Em uma reunião emergencial do Conselho de Segurança das Nações Unidas, realizada na manhã desta segunda-feira (05/01/2026) em Nova Iorque, a China fez um apelo direto aos Estados Unidos. O embaixador chinês na ONU, Fu Cong, solicitou que o governo americano garanta a segurança pessoal do líder venezuelano Nicolás Maduro e de sua esposa, além de exigir a libertação imediata do mandatário.
Posicionamento Firme da China no Conselho de Segurança
A sessão foi convocada após um pedido formal da Venezuela, enviado no sábado, dia 3 de janeiro – mesma data da operação militar americana que resultou na captura de Maduro. O pedido por uma reunião de emergência recebeu apoio imediato dos governos da China e da Rússia.

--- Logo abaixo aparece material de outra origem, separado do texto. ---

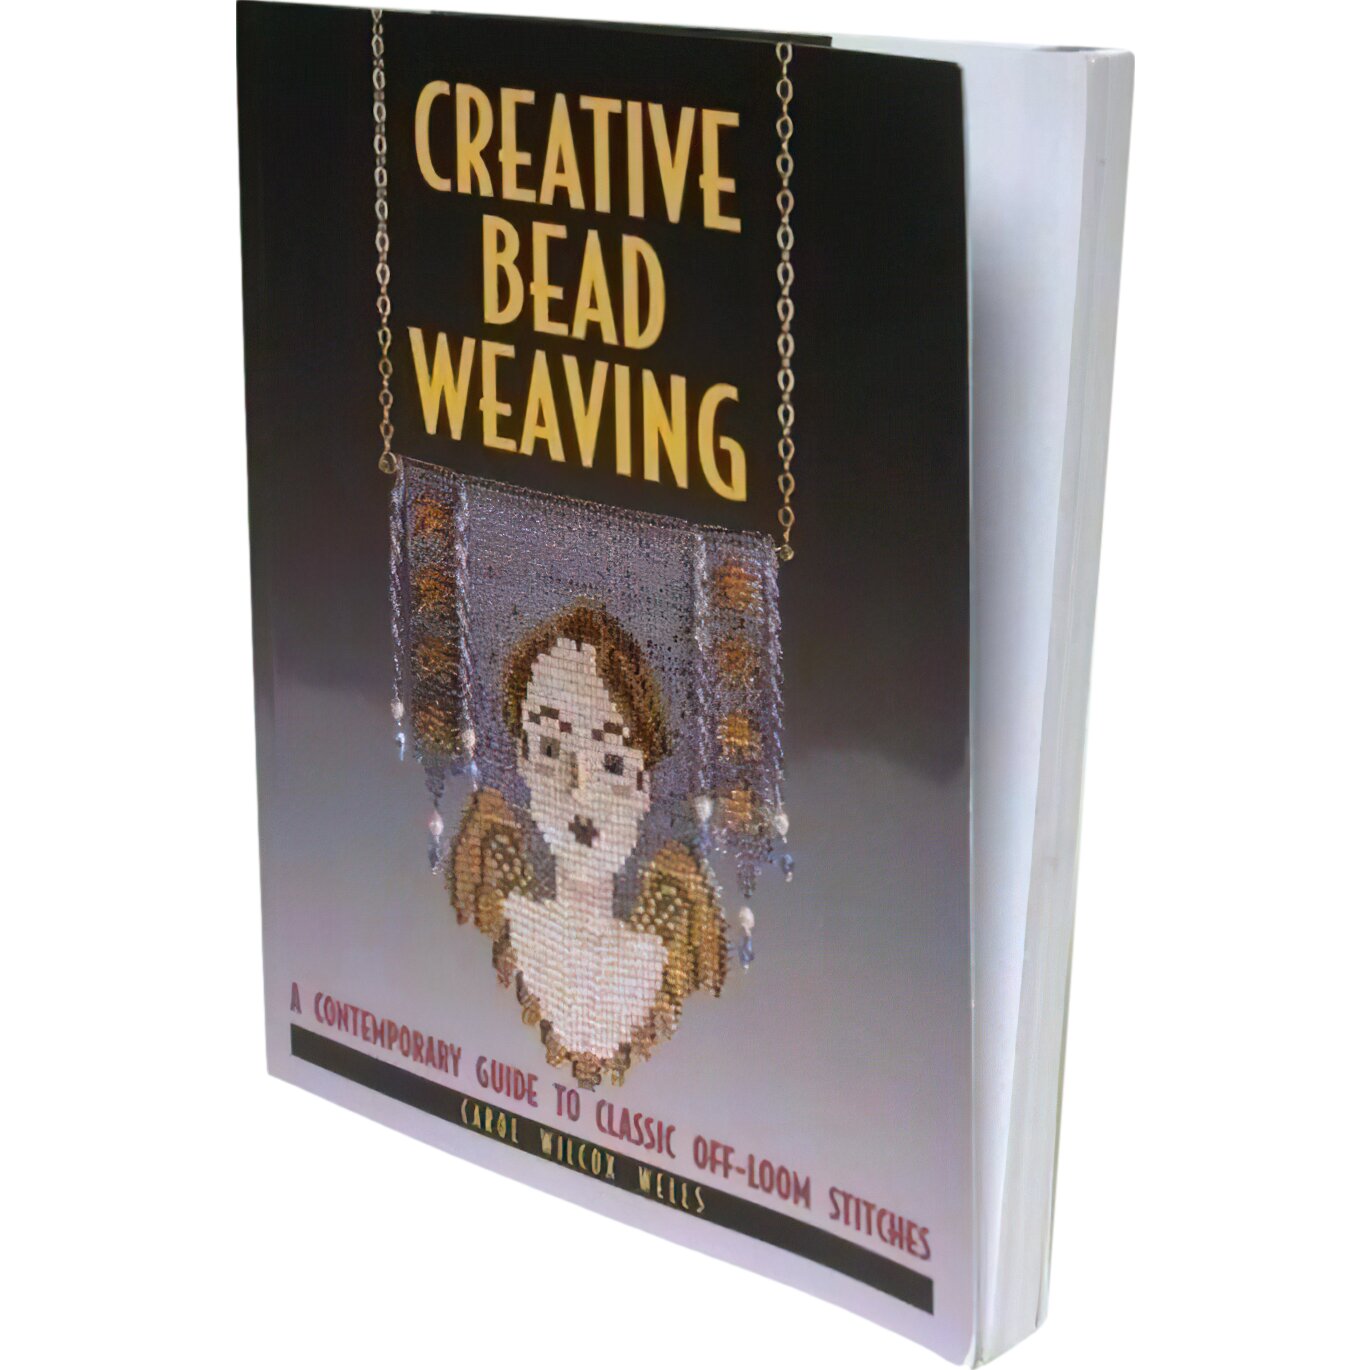 Creative Bead Weaving by Carol Wilcox Wells

Durante seu discurso, o embaixador Fu Cong foi enfático ao reiterar a oposição "firme" da China à invasão dos Estados Unidos na Venezuela, ocorrida há dois dias. Ele acusou os americanos de colocarem o poder unilateral acima do multilateralismo e de priorizarem a ação militar em detrimento dos esforços diplomáticos.
Fu Cong também defendeu a Venezuela como um estado soberano, reforçando o princípio de não interferência nos assuntos internos de outras nações, um pilar tradicional da política externa chinesa.
Próximos Passos e Audiência Judicial de Maduro
O desfecho diplomático da reunião no Conselho de Segurança coincide com um momento crucial no plano jurídico. Pouco depois do encerramento do encontro, previsto para as 14h (horário de Brasília), Nicolás Maduro deve comparecer à sua primeira audiência judicial.
O líder venezuelano e sua esposa serão apresentados perante o juiz federal Alvin K. Hellerstein, em um tribunal de Nova York. Eles enfrentam uma série de acusações graves, incluindo:
- Narcotráfico
- Posse ilegal de armas
- Narcoterrorismo
Repercussão Internacional e o Futuro da Crise
A posição chinesa no Conselho de Segurança da ONU evidencia um alinhamento claro com a Rússia e um confronto direto com a narrativa e as ações dos Estados Unidos. O pedido por segurança e libertação coloca uma pressão adicional sobre a administração americana, que agora precisa gerir não apenas a custódia de Maduro, mas também a reação de potências rivais.
O episódio marca uma escalada significativa na crise venezuelana, transformando um conflito político e econômico de longa data em um embate geopolítico de alto nível no principal fórum de segurança internacional. A comunidade global aguarda os próximos movimentos, tanto na sala de audiências em Nova York quanto nos corredores diplomáticos das Nações Unidas.